1. A photoconductive insulating composition comprising a layer of photoconductive insulating material having a mixture of cadmium sulfoselenide and photoconductive zinc oxide for electrostatic imaging and a thin, uniform top coating of polyurethane having a thickness from 0.02 to 0.1 mil closely bonded to and substantially over the entire surface of said photoconductive insulating material.

2. The composition defined in claim 1 wherein the polyurethane coating has a charge acceptance of at least 1,000 volts/mil of thickness.

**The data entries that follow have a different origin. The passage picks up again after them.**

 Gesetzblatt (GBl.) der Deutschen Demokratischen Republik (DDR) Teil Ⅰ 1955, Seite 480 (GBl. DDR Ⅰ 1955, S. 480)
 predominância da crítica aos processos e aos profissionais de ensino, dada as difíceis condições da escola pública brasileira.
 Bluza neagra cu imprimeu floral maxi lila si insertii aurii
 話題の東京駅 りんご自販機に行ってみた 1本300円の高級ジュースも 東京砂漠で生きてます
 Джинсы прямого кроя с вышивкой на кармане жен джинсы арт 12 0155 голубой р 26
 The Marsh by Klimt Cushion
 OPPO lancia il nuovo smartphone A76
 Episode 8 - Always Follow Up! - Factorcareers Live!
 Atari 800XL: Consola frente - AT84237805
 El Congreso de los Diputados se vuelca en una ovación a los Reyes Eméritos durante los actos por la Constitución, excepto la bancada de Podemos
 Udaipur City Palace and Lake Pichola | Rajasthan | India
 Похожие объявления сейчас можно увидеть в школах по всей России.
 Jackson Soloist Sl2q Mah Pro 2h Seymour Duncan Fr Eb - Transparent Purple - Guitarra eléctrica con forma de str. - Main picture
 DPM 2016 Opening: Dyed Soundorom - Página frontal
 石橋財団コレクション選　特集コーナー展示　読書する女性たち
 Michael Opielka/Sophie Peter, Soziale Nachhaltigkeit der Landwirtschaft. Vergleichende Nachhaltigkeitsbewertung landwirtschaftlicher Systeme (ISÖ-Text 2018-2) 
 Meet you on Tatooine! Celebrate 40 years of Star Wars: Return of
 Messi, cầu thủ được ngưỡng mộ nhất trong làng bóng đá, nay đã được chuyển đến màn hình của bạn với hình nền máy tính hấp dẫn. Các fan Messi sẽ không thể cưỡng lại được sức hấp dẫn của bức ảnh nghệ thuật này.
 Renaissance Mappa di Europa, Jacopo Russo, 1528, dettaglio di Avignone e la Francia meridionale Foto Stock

3. The composition defined in claim 1 wherein the polyurethane coating has a charge acceptance of at least 1,500 volts/mil of thickness.

4. The protective top coating defined in claim 1 wherein said polyurethane is an aliphatic type urethane applied from a solvent taken from the group consisting of isopropanol, cellosolve acetate and methylethyl ketone.

5. A xerographic plate comprising

A. an electrically conductive substrate;

B. a photoconductive electrically insulating composition adhered to said substrate, said composition comprising

1. a binder and

2. a pigment comprising a mixture of cadmium sulfo-selenide and photoconductive zinc oxide,

a. wherein the proportion of cadmium sulfo-selenide is 20 percent to 70 percent and the proportion of zinc oxide is 30 percent to 80 percent by weight of total pigment; and

C. a thin uniform top coating of polyurethane is adhered to said composition,

1. said polyurethane coating having a charge acceptance of at least 1000 volts per mil of thickness.

6. The xerographic plate defined in claim 5 wherein said binder is polyurethane.

7. The xerographic plate defined in claim 5 wherein said polyurethane coating has a thickness of from 0.02 to 0.1 mil.

8. The xerographic plate defined in claim 5 wherein the mole fraction ratio of selenium to sulfur in said cadmium sulfo-selenide is from 0.05 to 0.7.